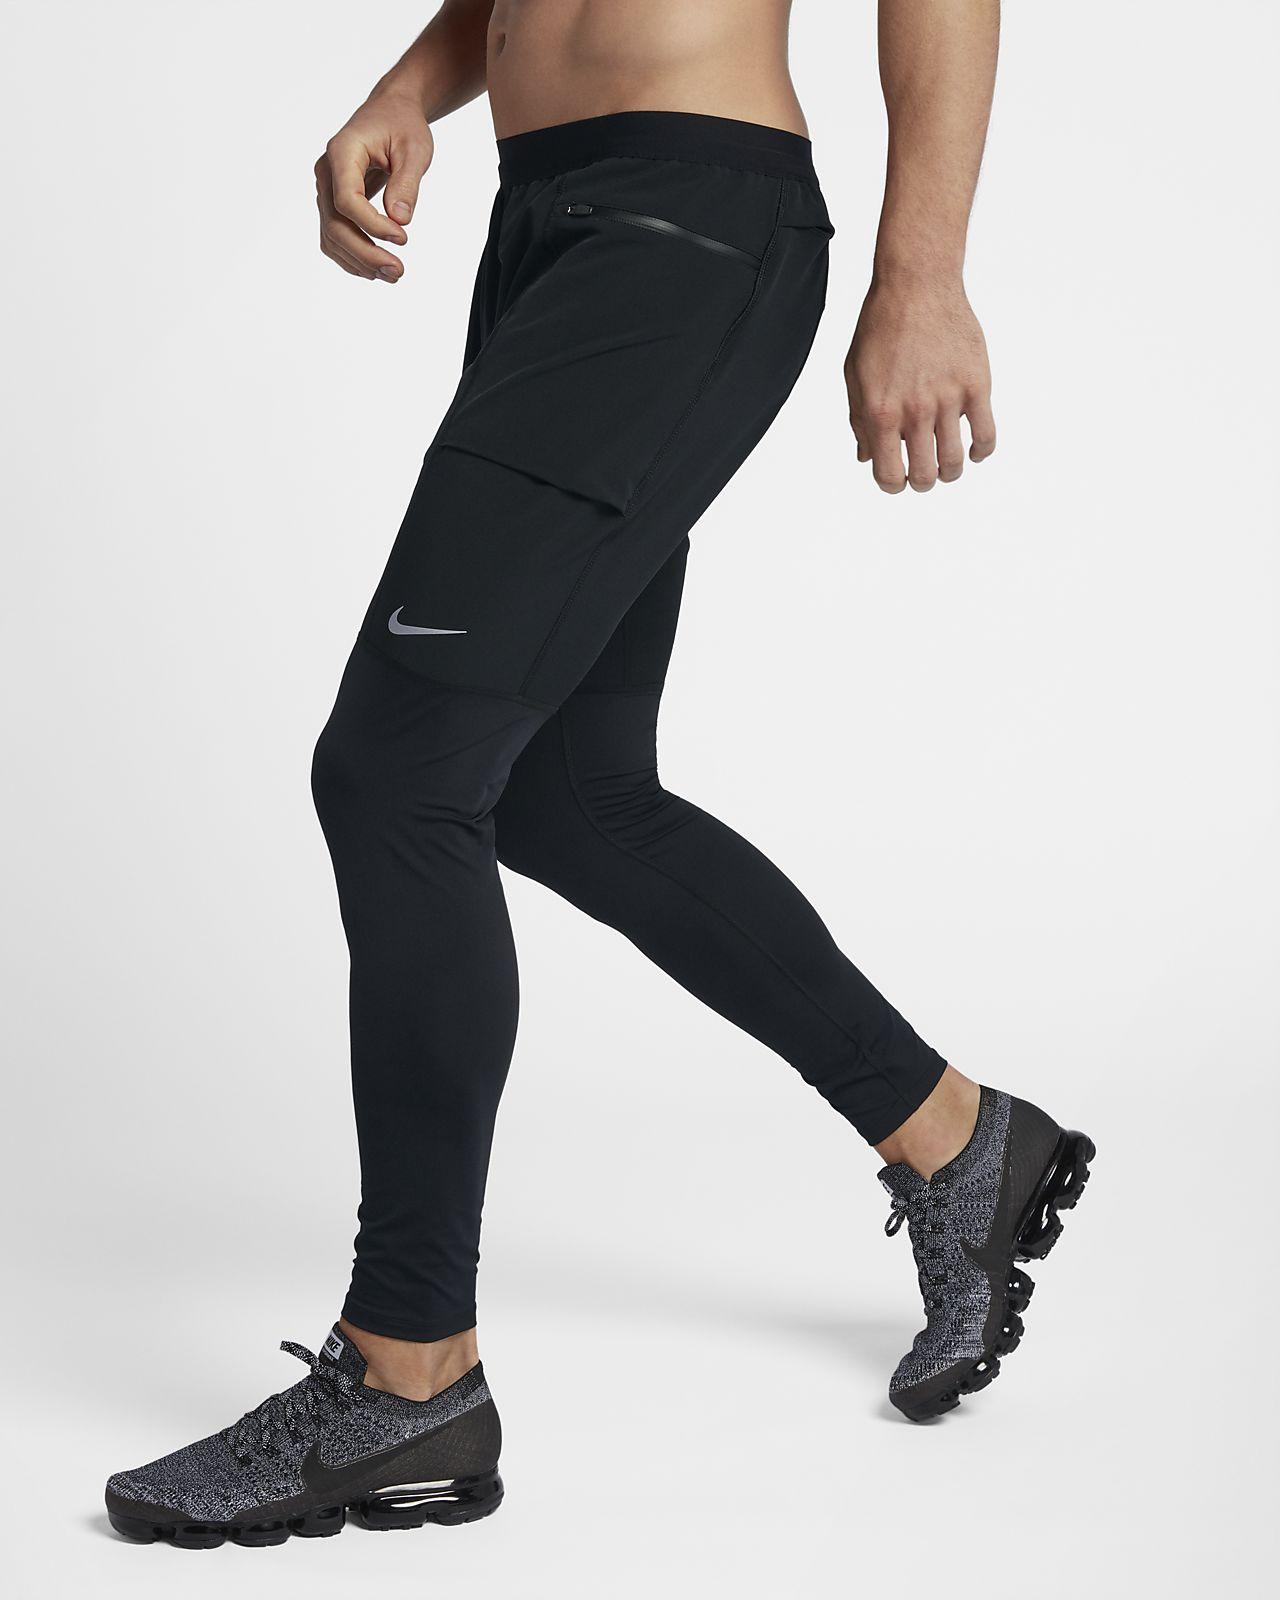 6ae970745dc5fd Nike Utility Herren-Laufhose. Nike.com DE
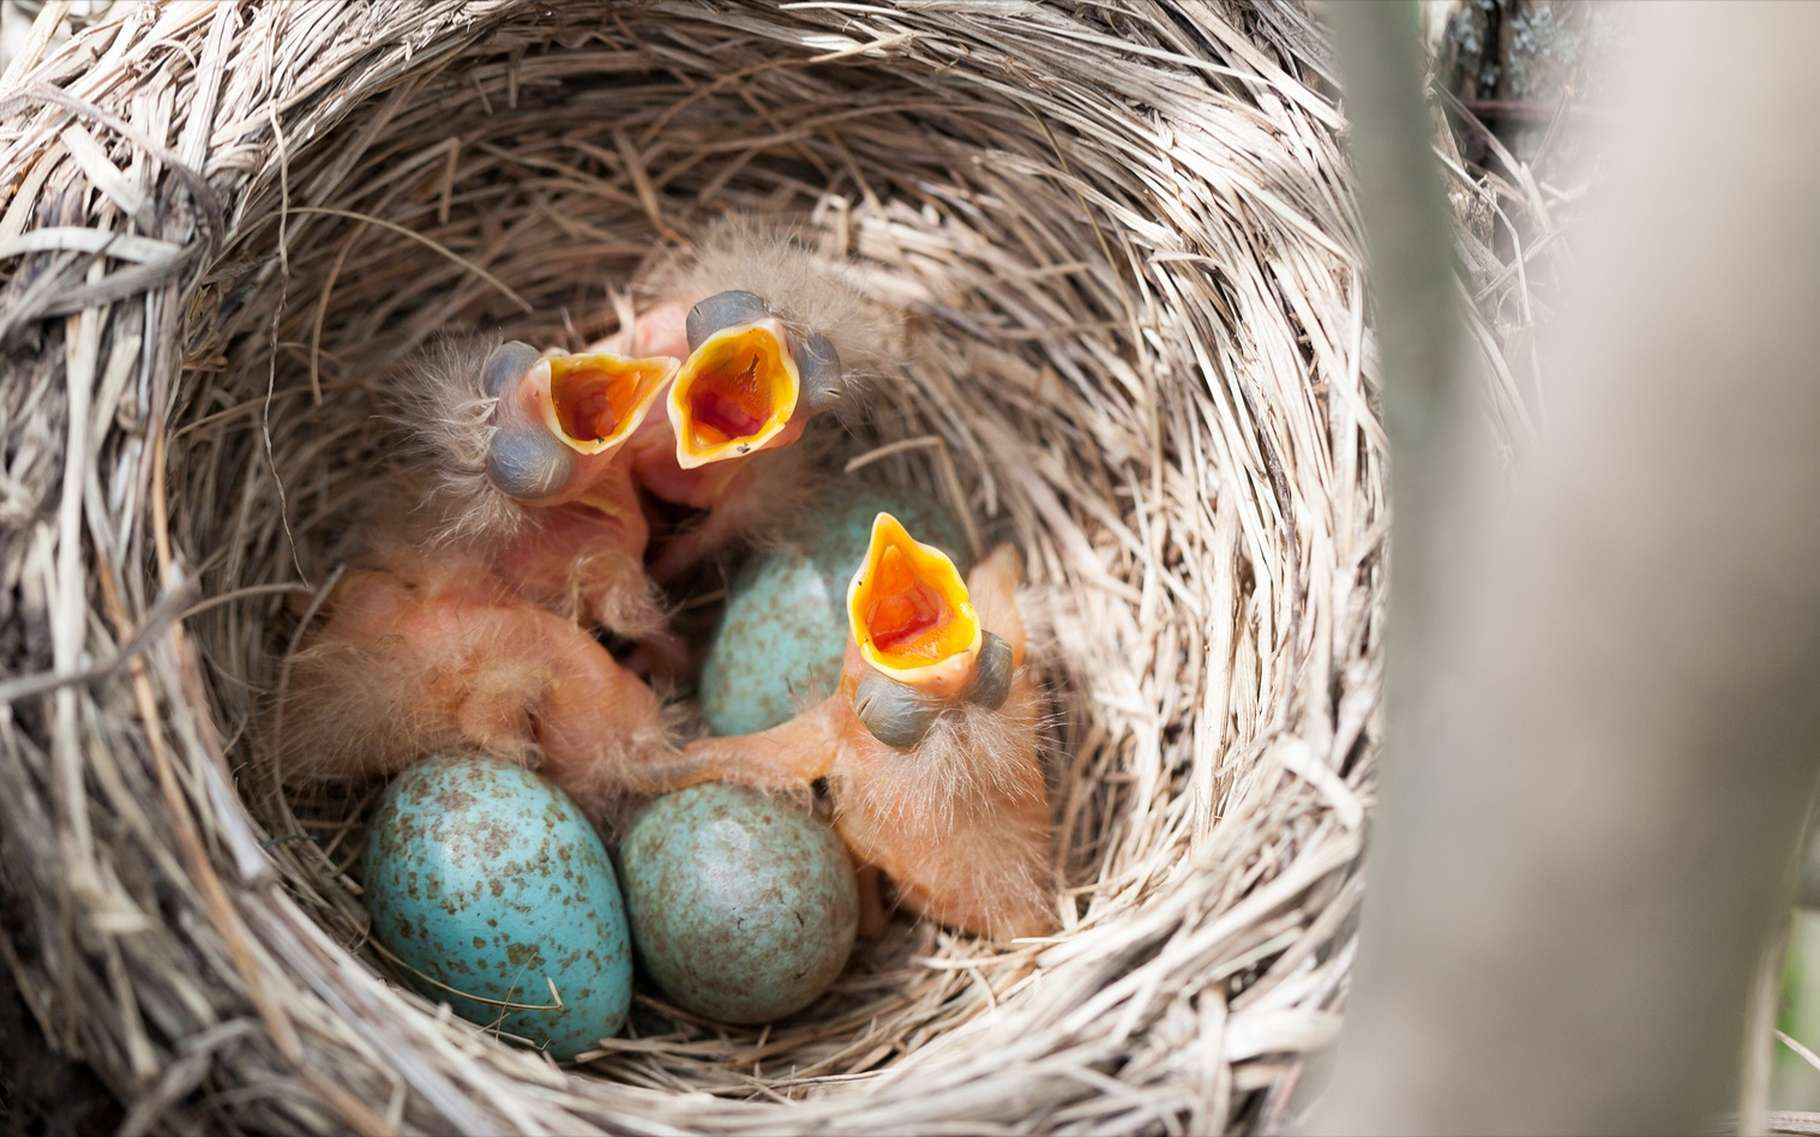 Un oisillon peut tomber du nid, parce qu'il a été poussé ou parce qu'il a voulu partir en exploration. © Vishnevskiy Vasily, Shutterstock
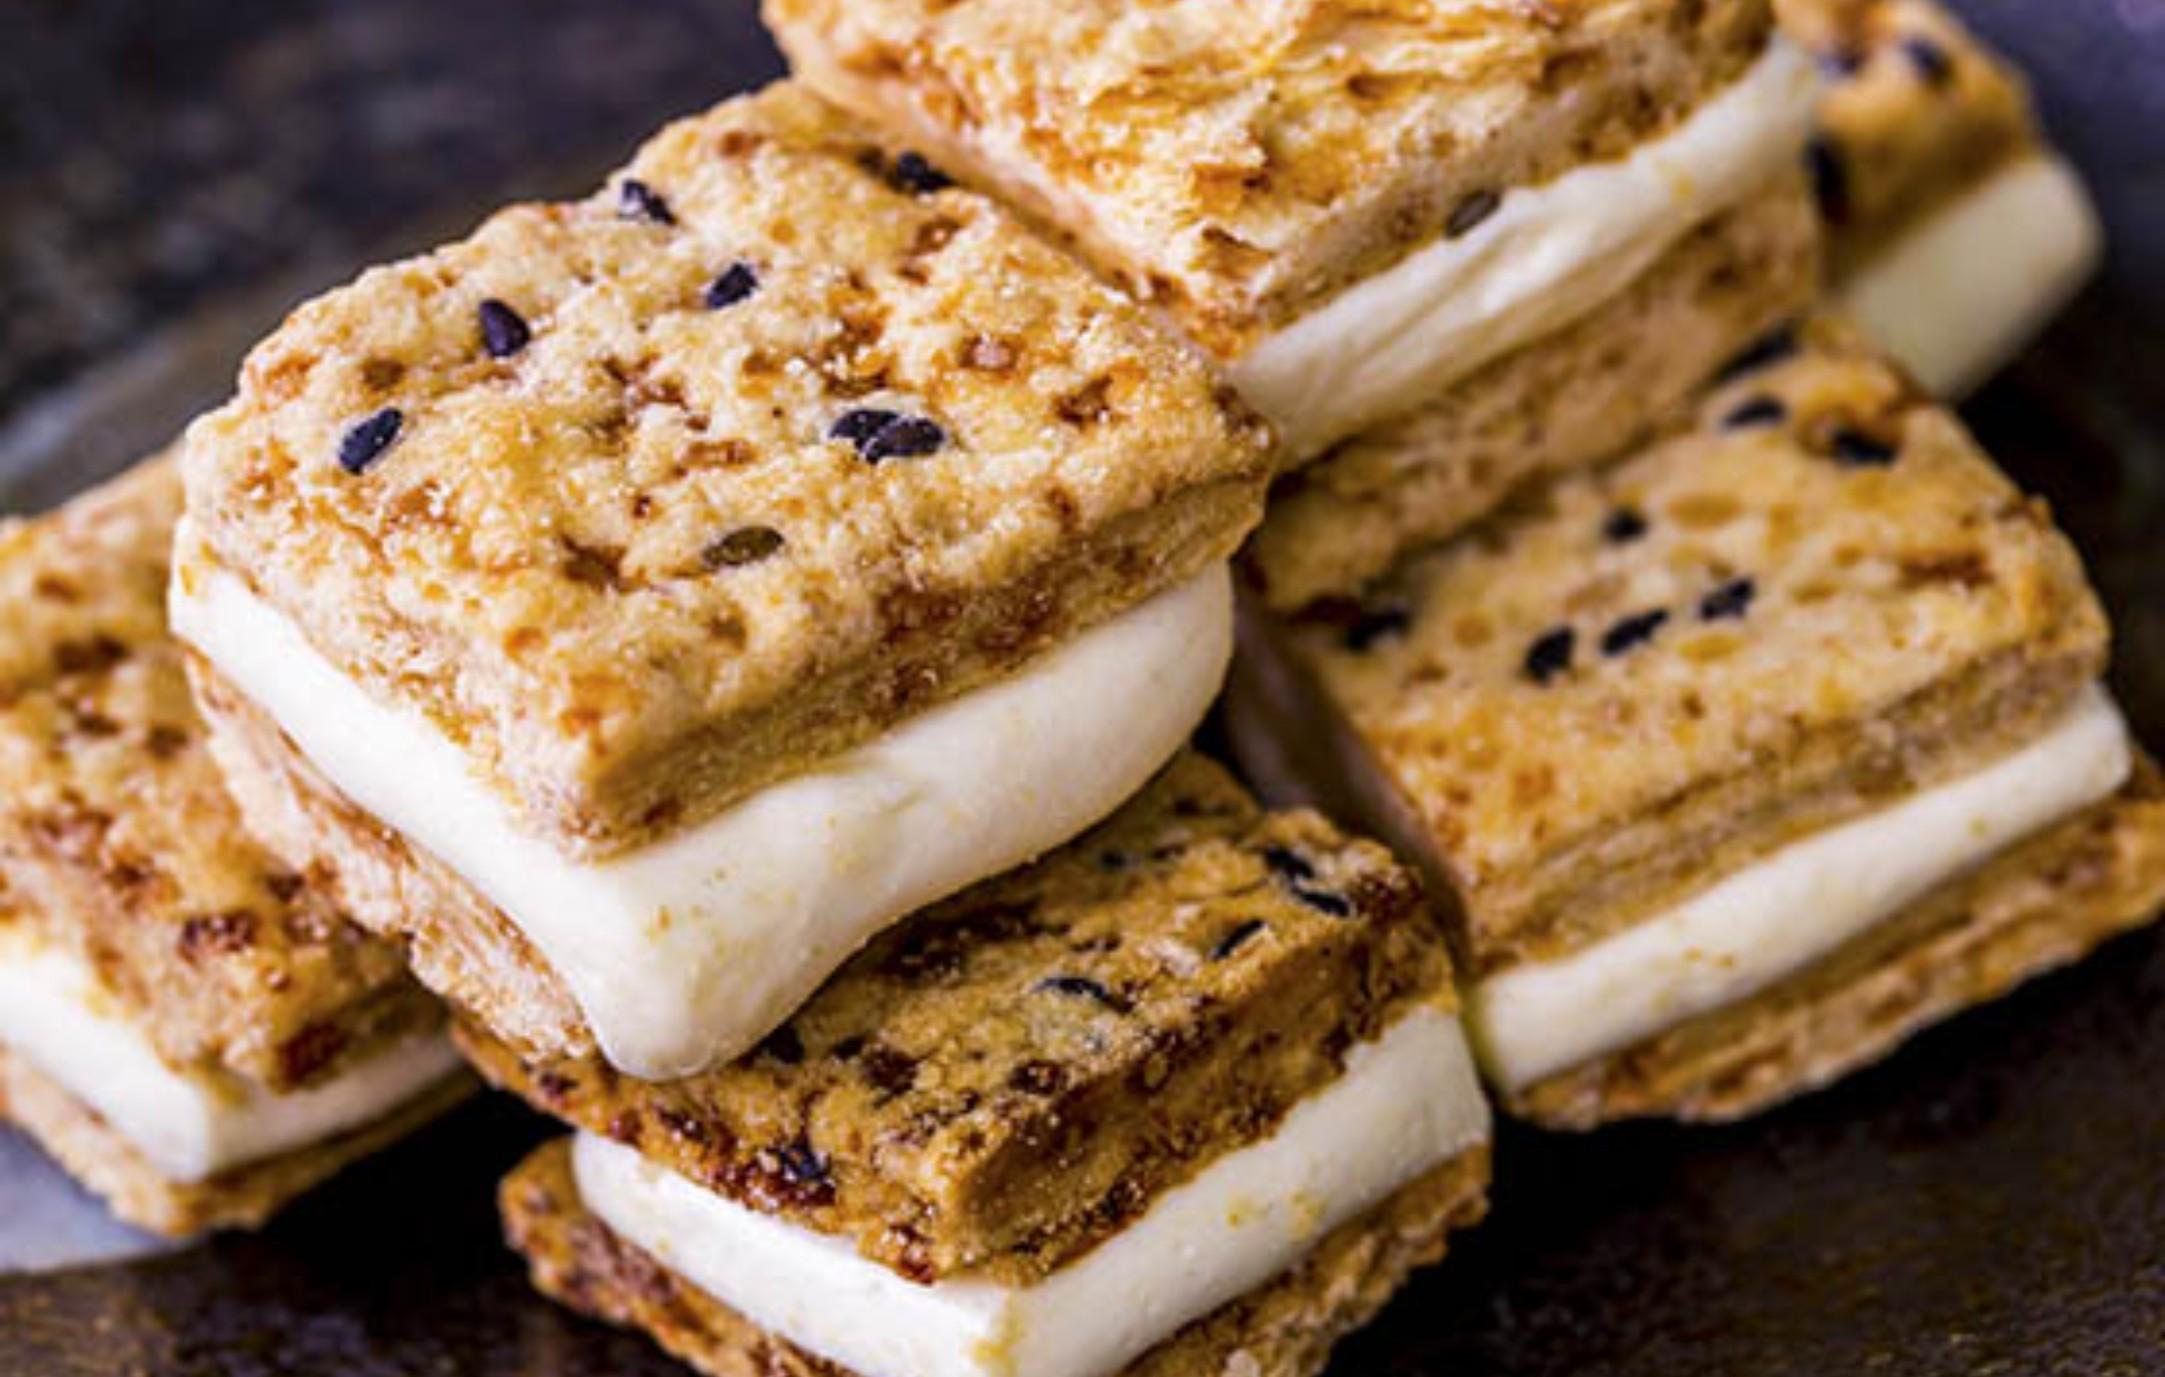 【蘿蒂烘焙坊】爆漿牛軋糖方塊一口酥 (低糖/低熱量)/12包免運組(即日滿15包送1包呦)(可備註加購手提紙袋2元)

----------

**INSTRUCTIONS TO FOLLOW:** Once the images are dropped, set down the remaining material word for word.

**PROBLEM SOLUTION:**
 6ae970745dc5fd Nike Utility Herren-Laufhose. Nike.com DE
 Un oisillon peut tomber du nid, parce qu'il a été poussé ou parce qu'il a voulu partir en exploration. © Vishnevskiy Vasily, Shutterstock
 【蘿蒂烘焙坊】爆漿牛軋糖方塊一口酥 (低糖/低熱量)/12包免運組(即日滿15包送1包呦)(可備註加購手提紙袋2元)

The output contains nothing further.